The full documentation, API reference, and tutorials can be found at: http://scallops.readthedocs.io

Repository Structure

scallops/
├── .github/             # CI/CD workflows
├── docs/                # Documentation source (Sphinx)
├── scallops/            # Main Python package source
│   ├── cli/             # CLI entry points
│   ├── core/            # Core processing logic
│   └── utils/           # Utilities
├── wdl/                 # WDL pipeline definitions
├── Dockerfile           # Docker image definition
├── pyproject.toml       # Build metadata
├── requirements.txt     # Main dependencies
├── setup.py             # Installation script
└── README.md            # Project overview

Getting Started

Prerequisites

SCALLOPS requires Python 3.11 or newer.

1. Environment Setup (Recommended)

We recommend using uv for high-performance Python environment management. You will need uv installed on your system. Installation instructions can be found here: https://docs.astral.sh/uv/

To set up a virtual environment:

# Create a virtual environment with a specific Python version
uv venv --python 3.12

# Activate the environment
# On macOS/Linux:
source .venv/bin/activate
# On Windows:
.venv\Scripts\activate

2. Installation and Usage Options

Option 1: Install from PyPI (Standard)

The easiest way to install the stable version is via pip (or uv pip):

uv pip install scallops

Option 2: Run via Docker (GitHub Container Registry)
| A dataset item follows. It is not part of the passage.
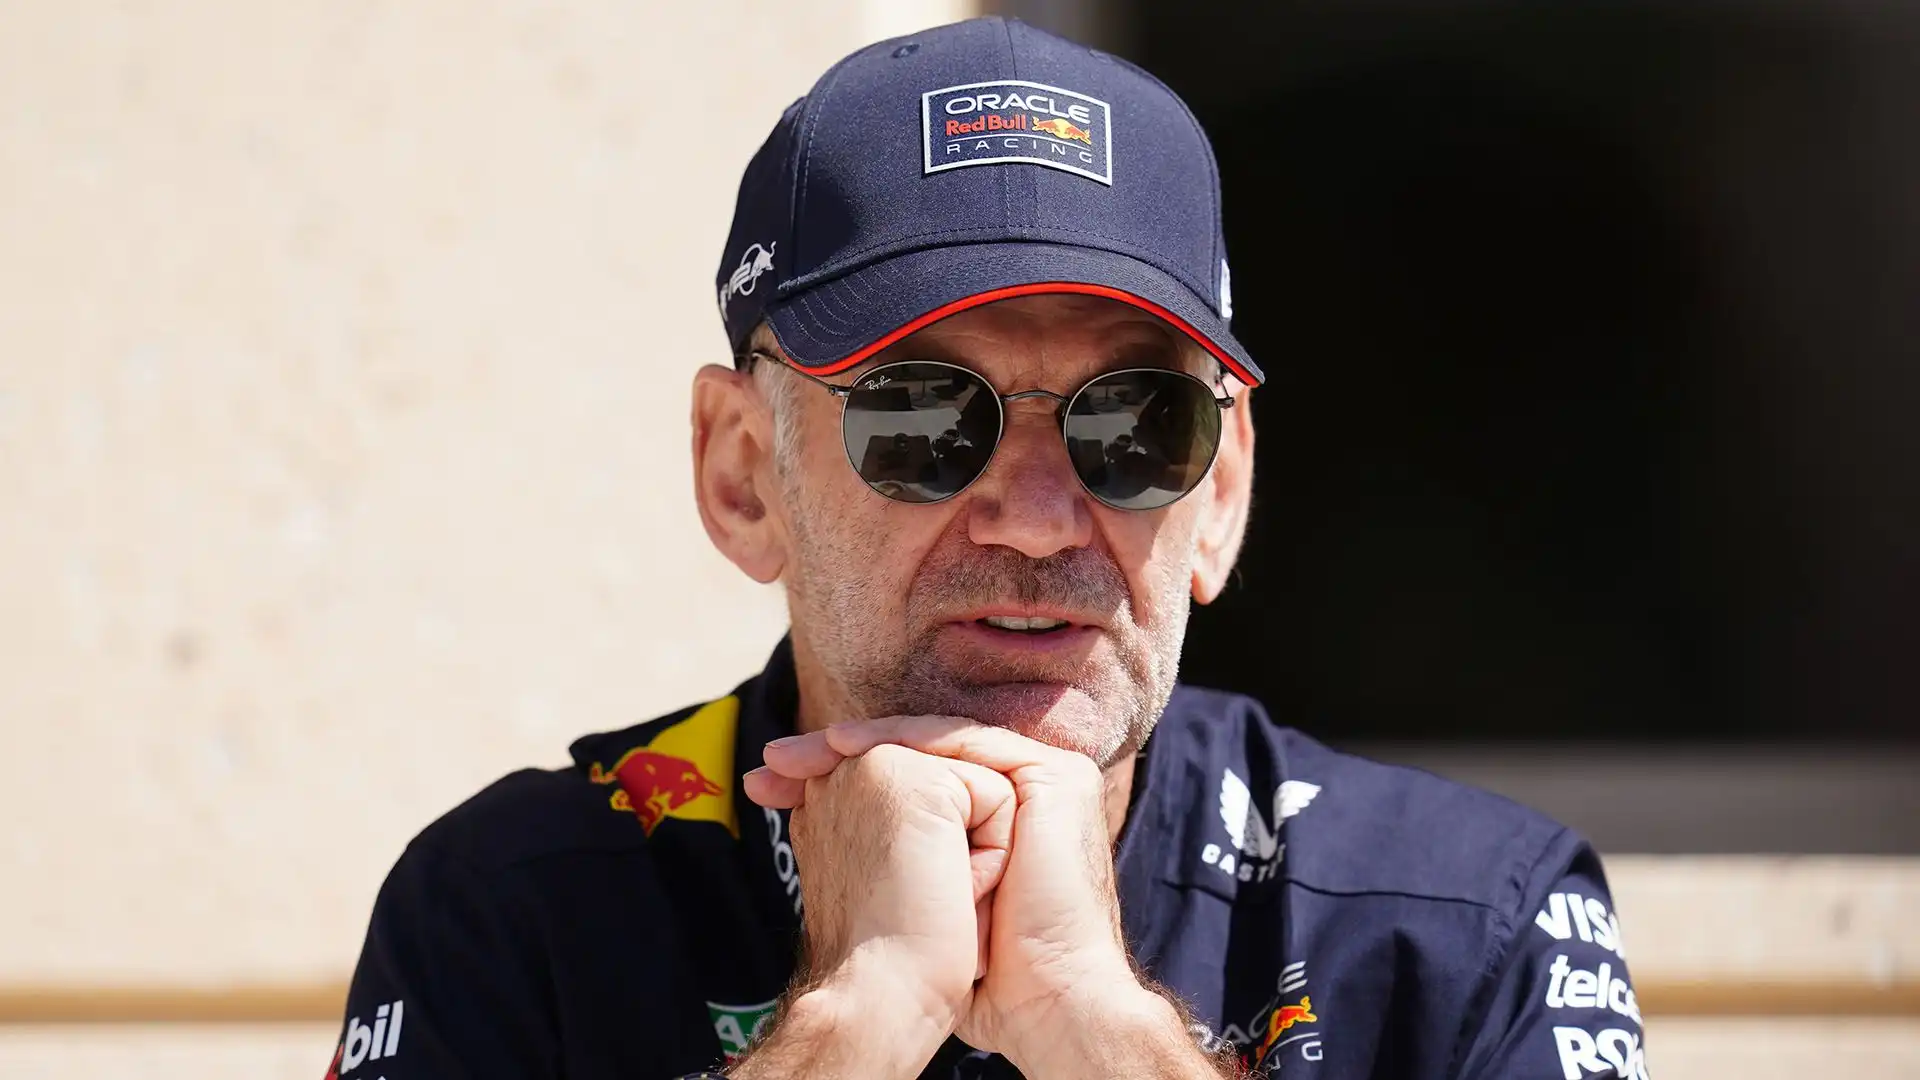 Da mesi si moltiplicano le voci sull'ingegnere inglese, che dopo anni di vittorie alla Red Bull potrebbe decidere di cambiare al termine dell'anno

SCALLOPS is available as a containerized image via the GitHub Container Registry (GHCR). This is the best option for ensuring environment consistency.

# Pull the latest image
docker pull ghcr.io/genentech/scallops:latest

# Run the CLI directly
docker run --rm ghcr.io/genentech/scallops:latest scallops --help

Option 3: Install from Source (Development)

If you wish to contribute to the codebase or need the latest unreleased changes:

  1. Clone the repository:
git clone [https://github.com/Genentech/scallops.git](https://github.com/Genentech/scallops.git)
cd scallops
  1. Install in editable mode:
uv pip install -r requirements.txt -e .

Main Focus Areas

  • High-Throughput Data Processing: Designed to manage massive datasets typical of OPS experiments across multiple scales.
  • Scalability and Performance: Optimized for both local and cloud-based distributed environments using Dask.
  • Modular Workflows: Includes customizable WDL workflows for cloud platforms like Terra or Cromwell.

Key Features

  • Efficient Data Handling: Advanced memory management and lazy evaluation to minimize resource usage.
  • Command-Line Interface (CLI): Automates batch processing for seamless pipeline integration.
  • Customizable Outputs: Generates versatile data visualizations and summary statistics.
  • Notebook Examples: Practical Jupyter notebooks are included to guide users through real-world workflows.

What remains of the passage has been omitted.